Posted on March 27, 2019

"Yes Chef!": A Young Chef's Story

By Executive Chef Matthew Gilbert

“Yes, Chef!”

That is a common cry you hear from a majority of fine dining kitchens across the world — the commander in chief of the restaurant being acknowledged for every command. Being a young chef, I do not expect the same treatment as chefs before me. A simple “got it,” or “no problem” suffices in my kitchen. The classic silent kitchen is practiced at Kevin’s during a busy dinner rush, but when it’s the middle of the afternoon and the kitchen is prepping for dinner, you will hear a mix of Phish, Snoop Dog, and heavy metal blasting through the kitchen doors.

You will never hear me yell at my own kitchen staff because they know, and do, what is expected of them. If there’s a member of my staff that I don’t believe can “hang,” I simply tell them the job is not for them. I have worked under many chefs, all with different styles of managing. I was able to create my own style experiencing what worked and didn’t work. I like to think of my managing skills as easygoing, caring, and hard working. I receive the utmost respect from the entire restaurant because of that — not because I instill fear. I strive to create a work atmosphere with the servers, managers, and cooks, where they all care about the same thing and work hard towards executing the dinner service night in and night out.

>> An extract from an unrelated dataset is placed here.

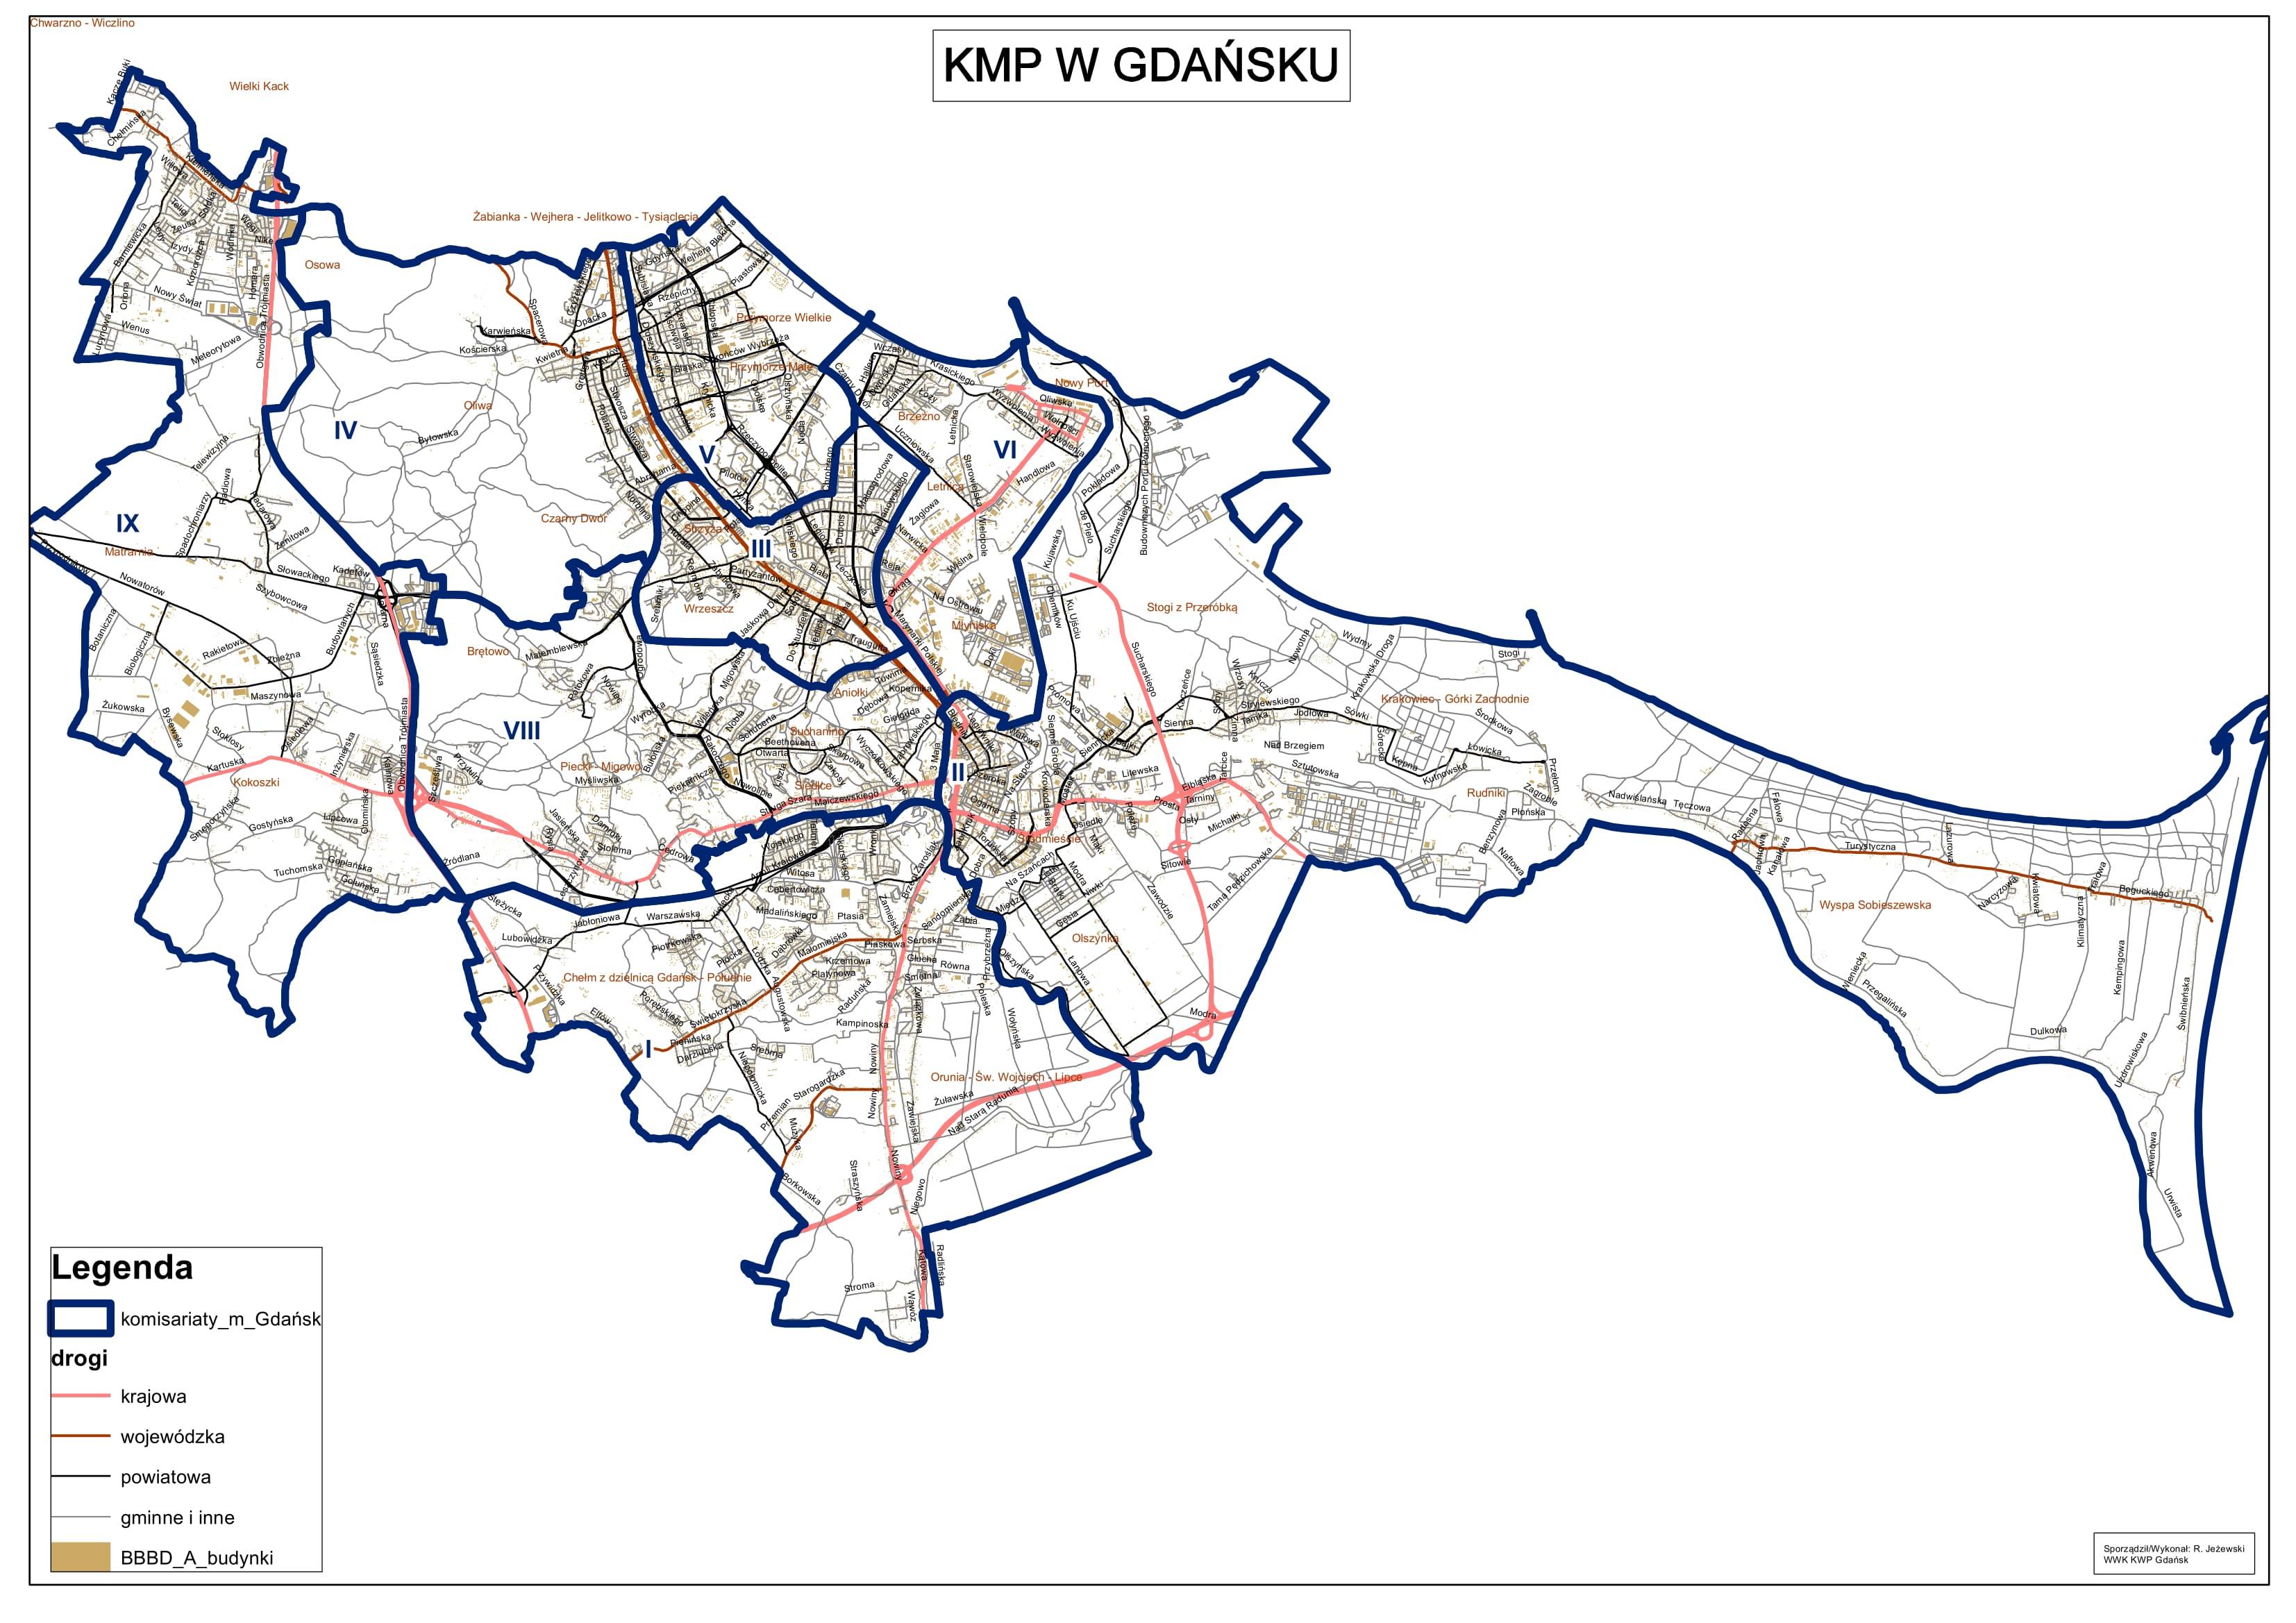 Mapa Podzial Komisariatow Mapa Podzial Komisariatow

Now, my perfect little restaurant where everyone is nice and respectful does not happen overnight! There were many times where I’ve gotten “I’ve been cooking longer than you’ve been alive,” or “I could never respect someone your age.” I can write a whole blog on negative comments and things people have done to me in the past, but that will never happen. The negativity and disrespect will always try to poke its ugly head back into my work environment. With time and experience, I’ve learned how to stop and prevent all of that. By simply explaining why I am where I am, and show through actions I was born to lead.

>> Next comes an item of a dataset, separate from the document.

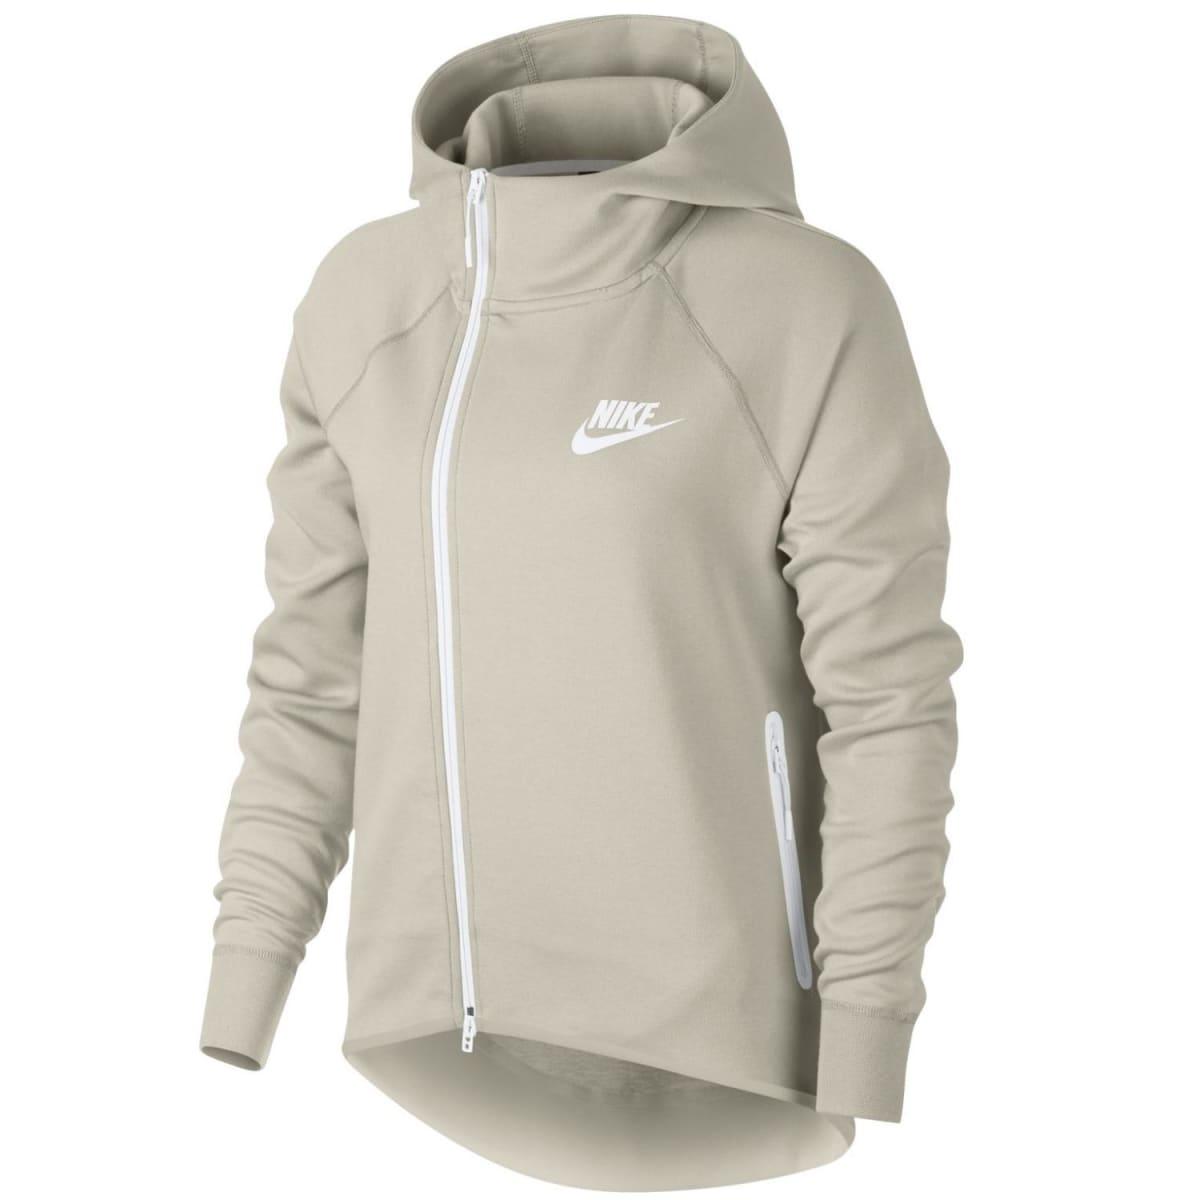 13a5d5e8 Product Image. Nike Women's Tech Fleece Cape

Respect is earned. Especially in the kitchen. I can silence any hater once they see how I run my kitchen, and even more so once they taste my food.

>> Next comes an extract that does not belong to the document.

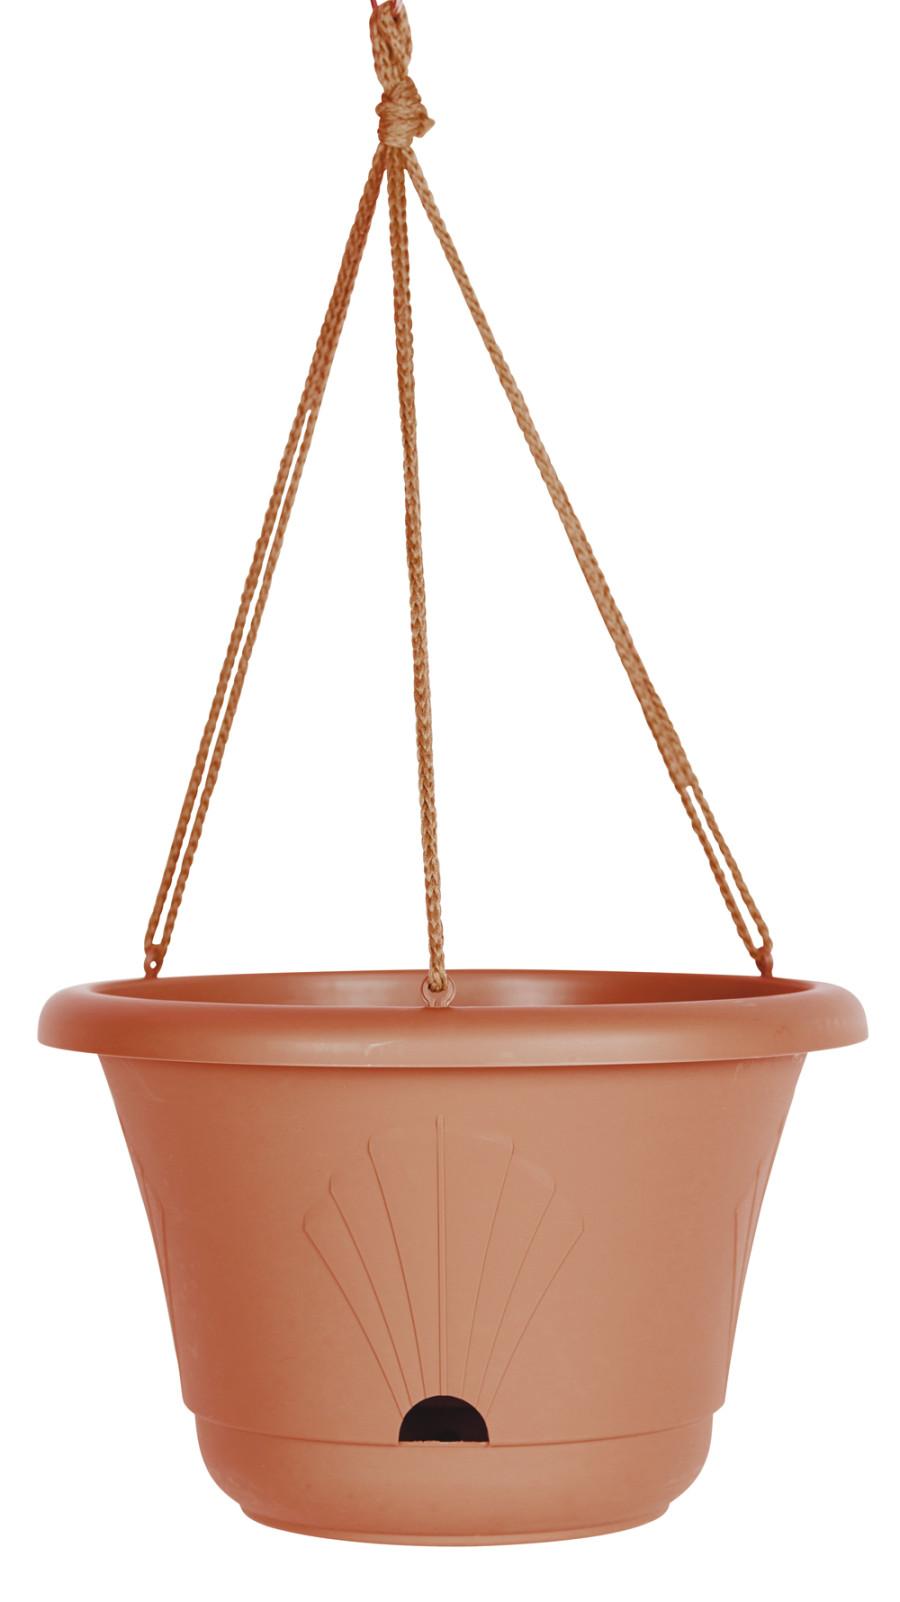 Bloem Lucca Hanging Basket Planter Terra Cotta 10ea/13 in

To all the young chefs out there, stop worrying about age and focus more on finding your own style. No one is perfect; there is a ton of heartache along the way. Tell your crew every night before they leave thank you, and show you really appreciate them because you wouldn’t be anywhere without them.

When you come to eat at Kevin’s, you will not hear me screaming or pans smashing off the walls. You will, however, get a show on your plate, made with passion for the food and people eating it.